Kebijakan dan Kepentingan Dampak

Berangkat dari bagaimana proses penentuan kualitas jurnal, sungguh metrik itu bukan sesuatu yang bisa diabai. Pada masa lalu, ketika jurnal belum berkembang dengan pesat dan jumlahnya belum sebanyak sekarang, posisi kualifikasi pun sudah dikenal. Titik …

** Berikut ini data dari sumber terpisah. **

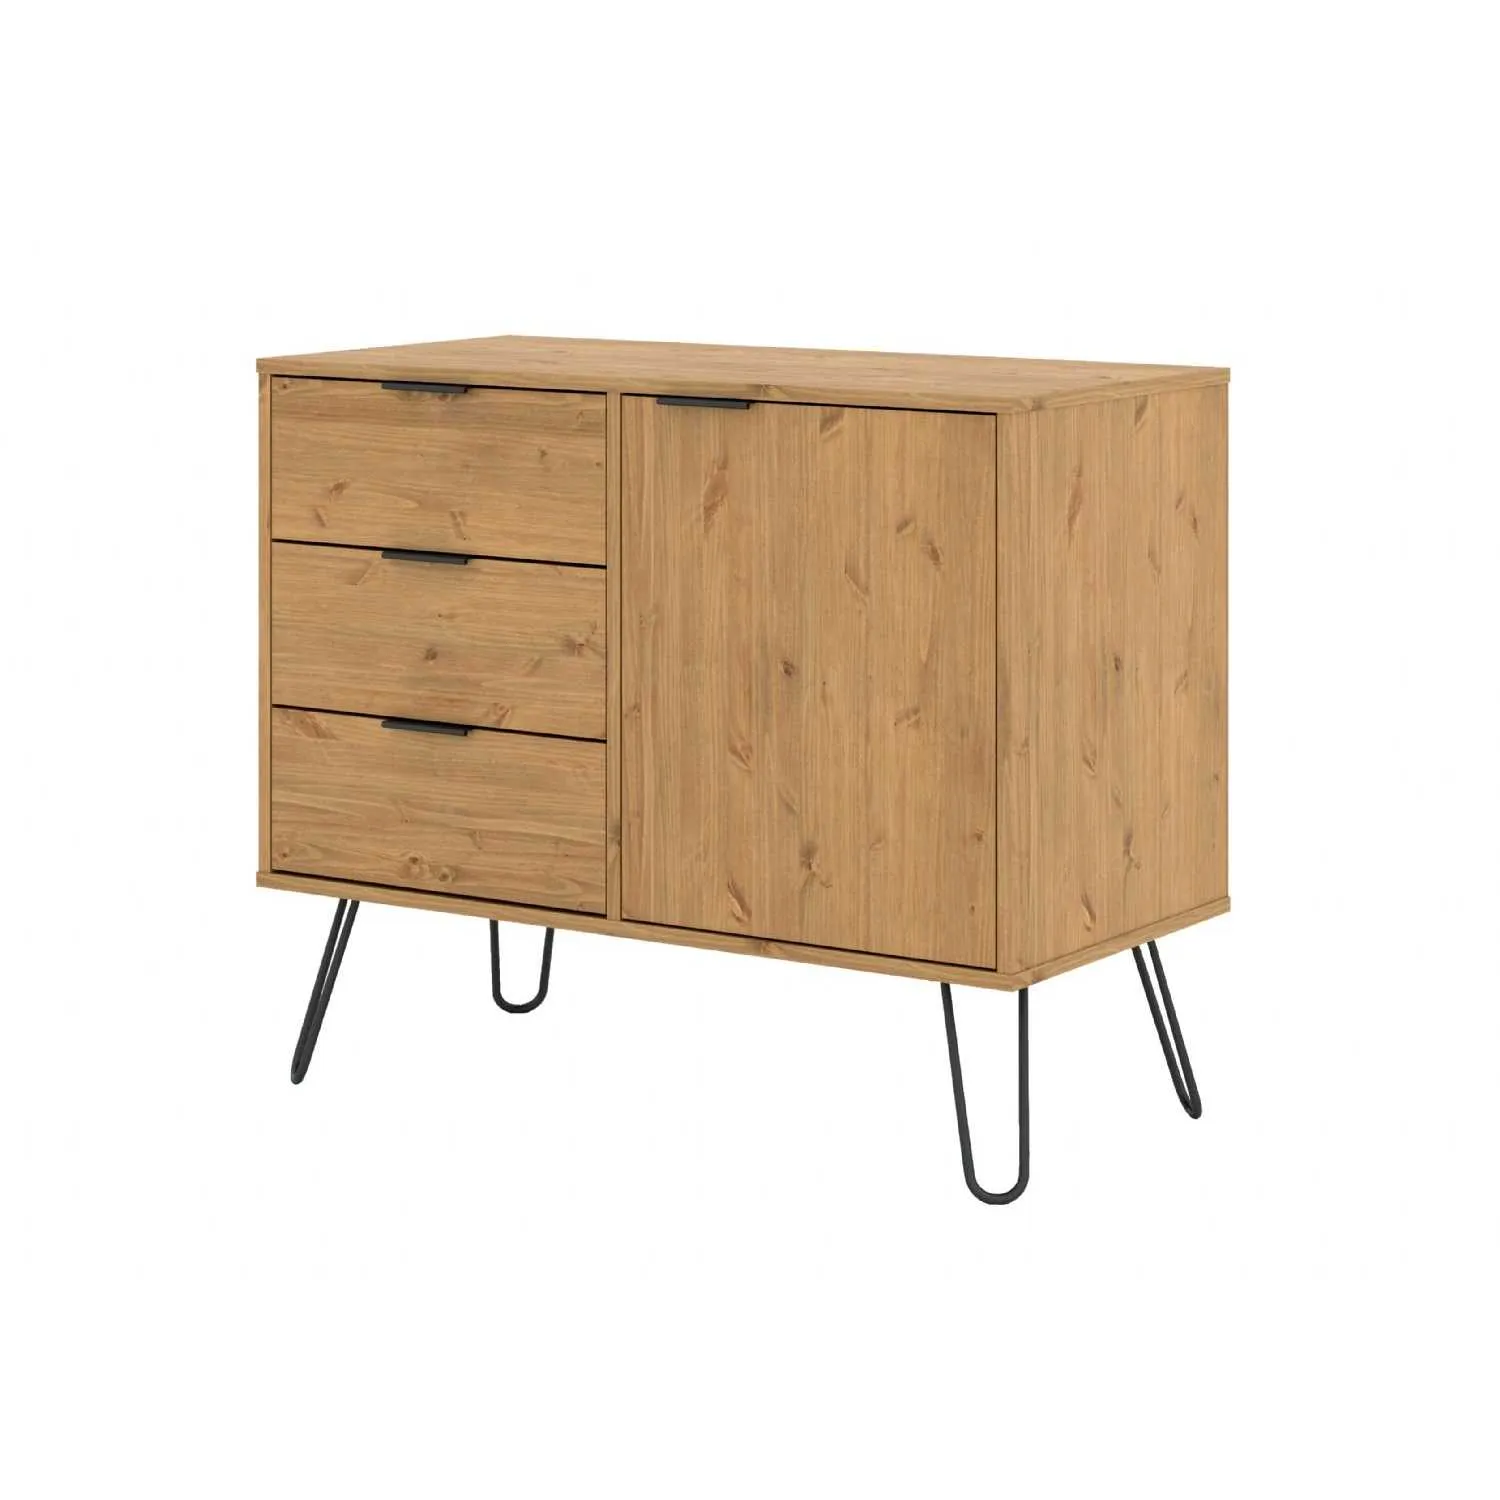 Small Pine Sideboard Cupboard with 1 Door and 3 Drawers Metal Hairpin Legs
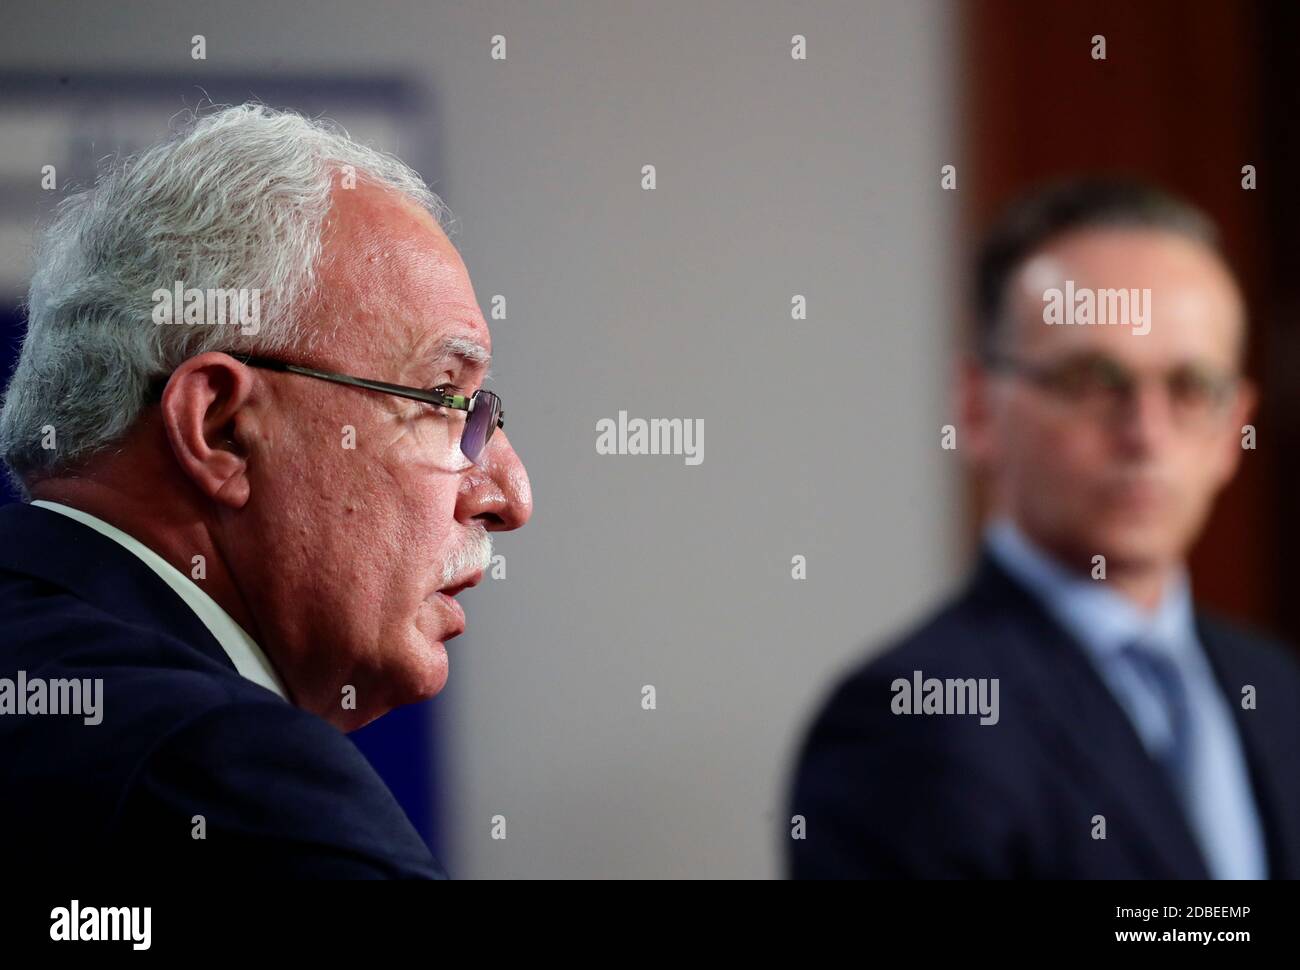 Berlin, Germany. 17th Nov, 2020. Heiko Maas (SPD, r), Foreign Minister, gives a joint press conference with his Palestinian counterpart Riad al-Maliki. Credit: Hannibal Hanschke/Reuters Images Europe/Pool/dpa/Alamy Live News Stock Photo

Berangkat dari bagaimana proses penentuan kualitas jurnal, sungguh metrik itu bukan sesuatu yang bisa diabai. Pada masa lalu, ketika jurnal belum berkembang dengan pesat dan jumlahnya belum sebanyak sekarang, posisi kualifikasi pun sudah dikenal. Titik itu yang dipegang bahwa satu jurnal itu dapat disebut berkualitas baik atau tidak. Jurnal yang memiliki reputasi itu akan menjadi pilihan lebih banyak orang. Mereka yang ingin menyampaikan pikiran akan menggunakan panggung yang lebih bereputasi.

Soal bagaimana berjuang mencapai reputasi pun, bukan tanpa debat. Namun sebagai catatan, harusnya ada debat dari soal yang paling fundamental: soal reputasi yang ditentukan oleh kebijakan. Jika ada di antara kita yang mempermasalahkan reputasi itu pada tingkat jurnal, sepertinya itu salah alamat. Kebijakan sendiri punya kepentingan yang lebih besar, yakni pada soal nilai tawar ketika berhadapan dengan dunia yang lebih luas. Bukankah kompetisi itu akan berlangsung seimbang ketika semua pihak menggunakan alat ukur yang sama?

Mari kita kembali ke belakang, orang-orang yang naik pangkat pada masa lalu pun, tetap akan mencari jurnal yang berkualitas baik pada masanya. Saya teringat ketika mahasiswa, merasakan bagaimana Kanun Jurnal Ilmu Hukum menjadi salah satu primadona di Indonesia. Sebagai salah satu jurnal hukum terbaik waktu itu, menjadi tumpuan banyak orang di republik. Walau saya masih mahasiswa, suasana seperti itu terasa.

Catatan penting soal bagaimana kebijakan menentukan alat ukur tertentu dalam jurnal, harus dilihat dalam kacamata yang lebih tajam. Dengan kata lain, pencapaian jabatan akademik tertentu dengan menggunakan jurnal berkualifikasi tertentu, yang didasari oleh suatu kebijakan, pasti ada sesuatu yang kepentingan yang mendasarinya. Contoh kongkret, selama ini, dosen yang ingin naik fungsional ke Lektor Kepala atau Guru Besar, harus memiliki publikasi pada jurnal terindeks Sinta 2 atau jurnal internasional bereputasi, memiliki kepentingan yang harus dipahami. Kualifikasi yang disebut terakhir, dipahami melalui dua indeks, yakni Scopus atau Web of Science (WoS).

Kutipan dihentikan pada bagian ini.